The commander of Iran’s Revolutionary Guard has said the shooting down of a US drone has sent “a clear message” to America.

General Hossein Salami also said Iran “does not have any intention for war with any country, but we are ready for war”.

His speech was carried live on Iranian state television, shortly after US and Iranian officials acknowledged the drone had been brought down.

Iranian supreme leader
The Revolutionary Guard answers to the supreme leader Ayatollah Ali Khamenei (Office of the Iranian supreme leader/AP)

Tehran says the drone was shot down over Iranian airspace, while US officials say the incident took place over the Strait of Hormuz, in international airspace.

The Revolutionary Guard said that the aircraft was hit as it entered Iranian territory near the Kouhmobarak district in southern Iran’s Hormozgan province. Kouhmobarak is some 750 miles south-east of Tehran and close to the Strait of Hormuz.

Iran’s state-run IRNA news agency, citing the Guard, identified the drone as an RQ-4 Global Hawk. However, the US Navy also flies a variant that looks similar called the MQ-4C Triton.

Persian Gulf Tensions
Sailors stand on deck above a hole the US Navy says was made by a limpet mine on the damaged Panama-flagged, Japanese owned oil tanker Kokuka Courageous, anchored off Fujairah in the UAE (AP)

US officials said the Iranians fired a surface-to-air missile, striking the American drone. They said the incident happened over the Strait of Hormuz, the narrow mouth of the Persian Gulf through which 20% of all global oil moves through.

Previously, the US military alleged that Iran had fired a missile at another drone last week that was responding to the attack on two oil tankers near the Gulf of Oman.

The US blames Iran for the attack on the ships, although Tehran denies it was involved.

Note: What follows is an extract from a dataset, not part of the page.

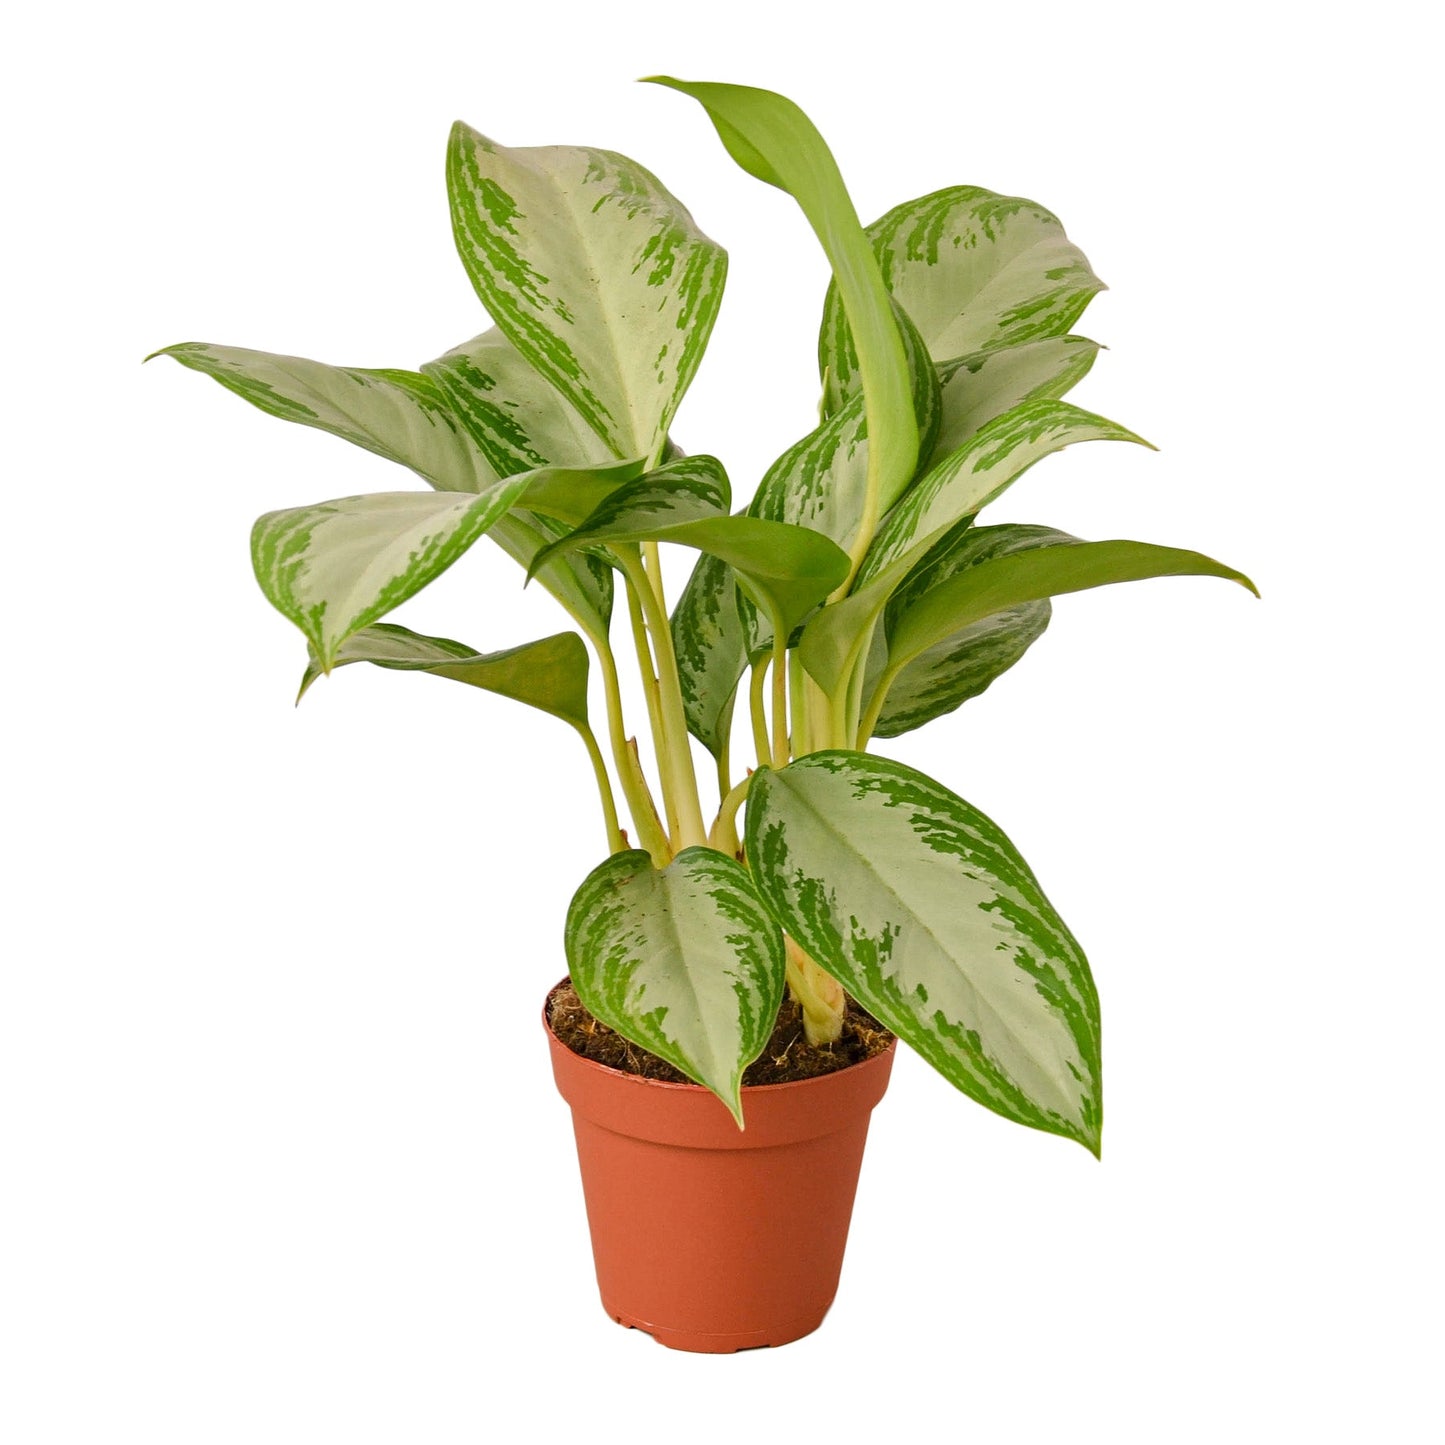 Chinese Evergreen 'Silver Bay' - 4" Pot - NURSERY POT ONLY - One Beleaf Away Plant Studio

The attacks come against the backdrop of heightened tensions between the US and Iran following US president Donald Trump’s decision to withdraw from Tehran’s nuclear deal a year ago.

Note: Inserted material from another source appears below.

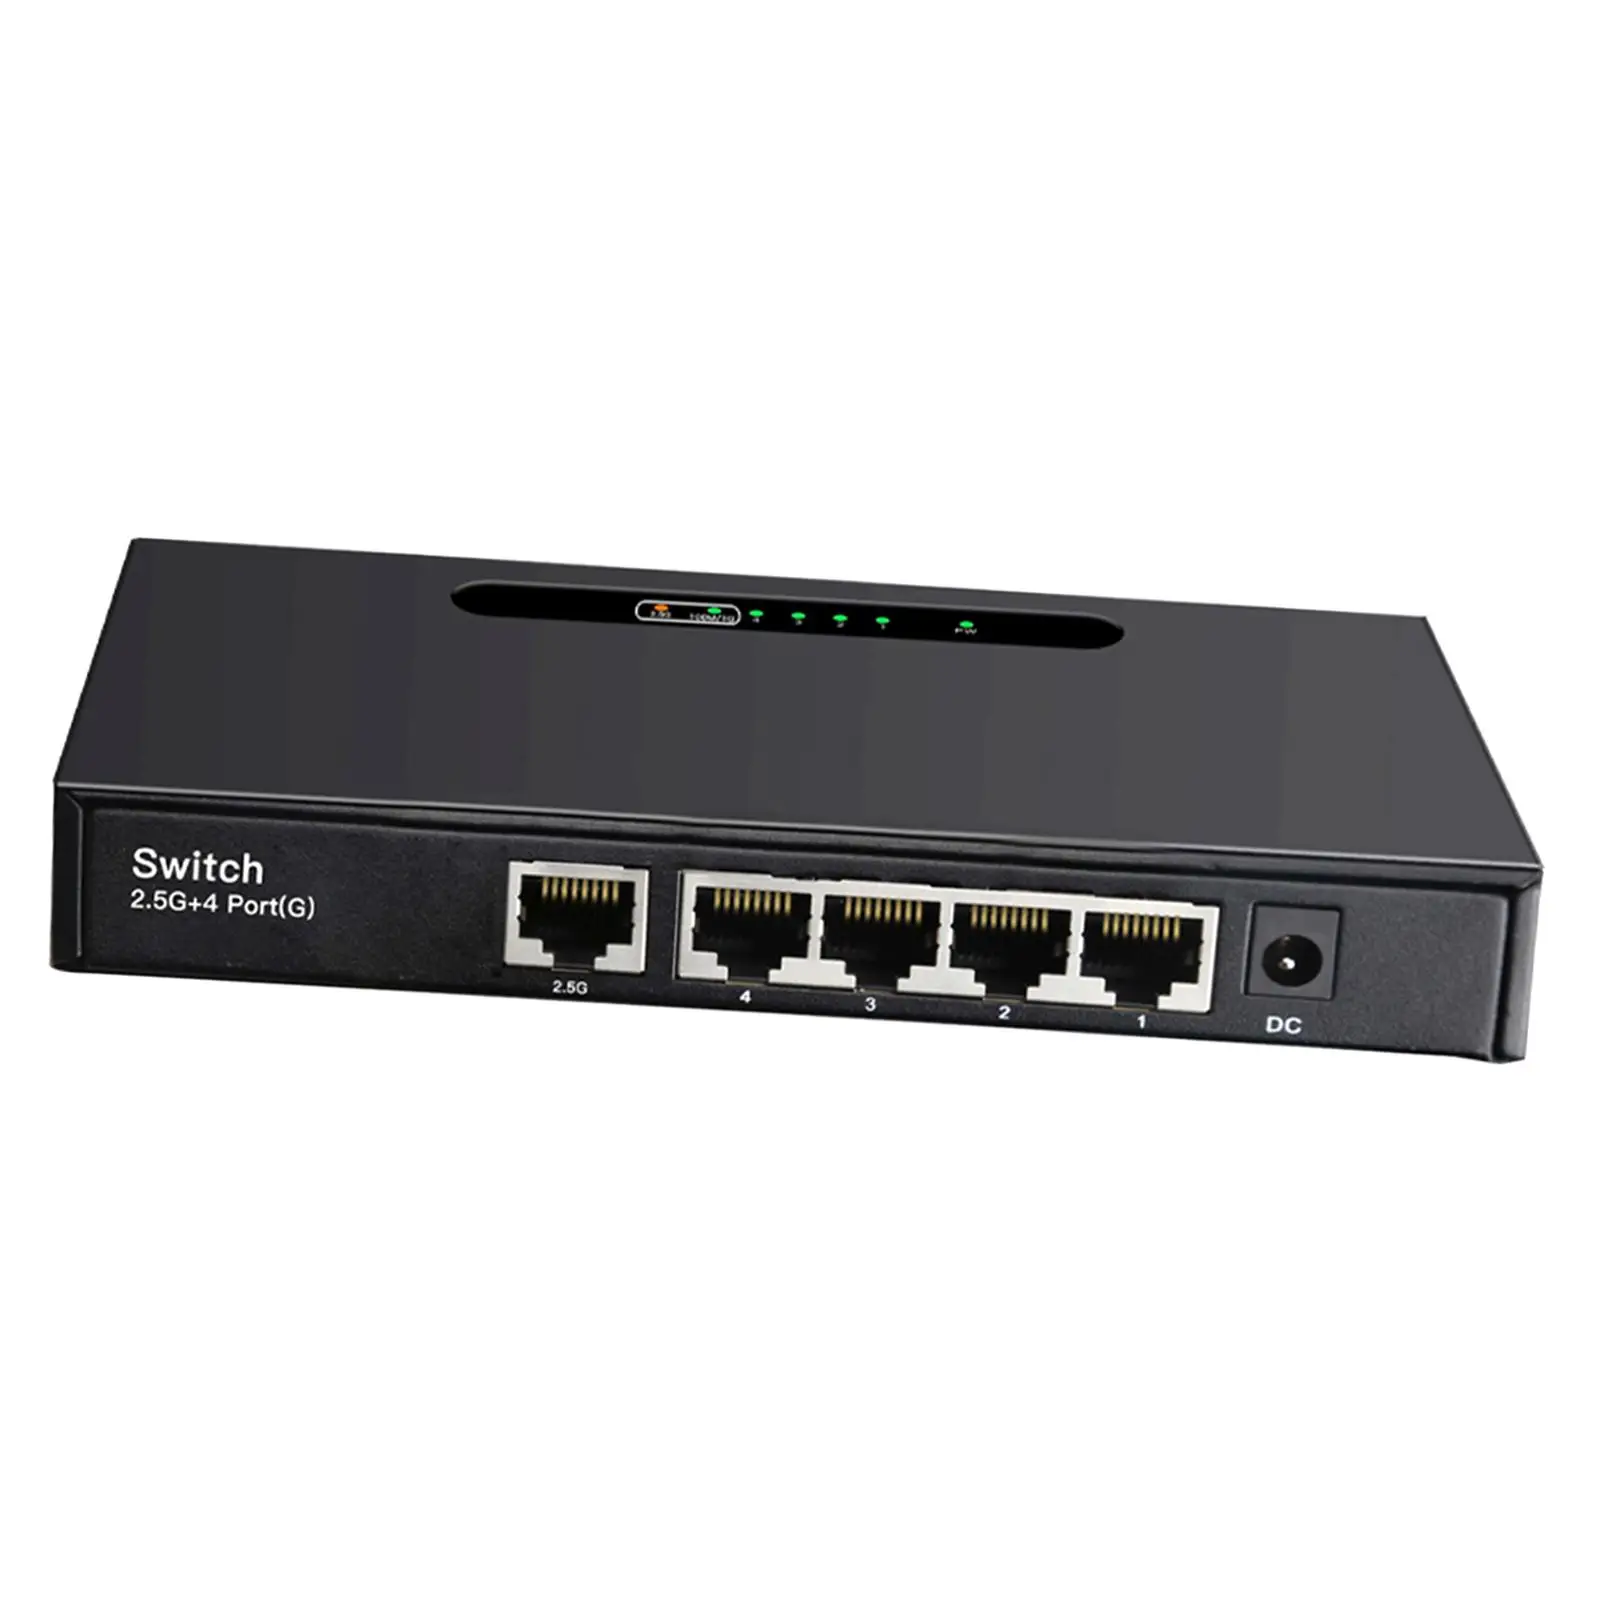 2.5G Gigabit Ethernet Switch Home Network Hub High Speed Ethernet Splitter Stable Plug and Play for Home Office Laptop

The White House separately said it was aware of reports of a missile strike on Saudi Arabia amid a campaign targeting the kingdom by Yemen’s Iranian-allied Houthi rebels.

Iran recently quadrupled its production of low-enriched uranium and threatened to boost its enrichment closer to weapons-grade levels, in a bid to pressure Europe for new terms to the 2015 nuclear deal.

Persian Gulf Tensions Shipping Risks
An oil tanker on fire in the sea of Oman amid a number of mysterious attacks on vessels in the Persian Gulf (AP)

In recent weeks, the US has sent an aircraft carrier to the Middle East and deployed additional troops to the tens of thousands already in the region.

From Yemen, the Houthis have launched bomb-laden drones into neighbouring Saudi Arabia.

All this has raised fears that a miscalculation or further rise in tensions could push the US and Iran into an open conflict, some 40 years after Tehran’s Islamic Revolution.

Thursday’s drone incident marks the first direct Iranian-claimed attack on the US amid the crisis.

Gen Salami, speaking to a crowd in the western city of Sanandaj, described the American drone as “violating our national security border”.

He said: “Borders are our red line. Any enemy that violates the borders will be annihilated.”

Iran has claimed to have shot down American drones in the past.

In the most famous incident, Iran seized an RQ-170 Sentinel in December 2011 flown by the CIA to monitor Iranian nuclear sites after it entered Iranian airspace from neighbouring Afghanistan.

The Iranians later reverse-engineered the drone to create their own variants.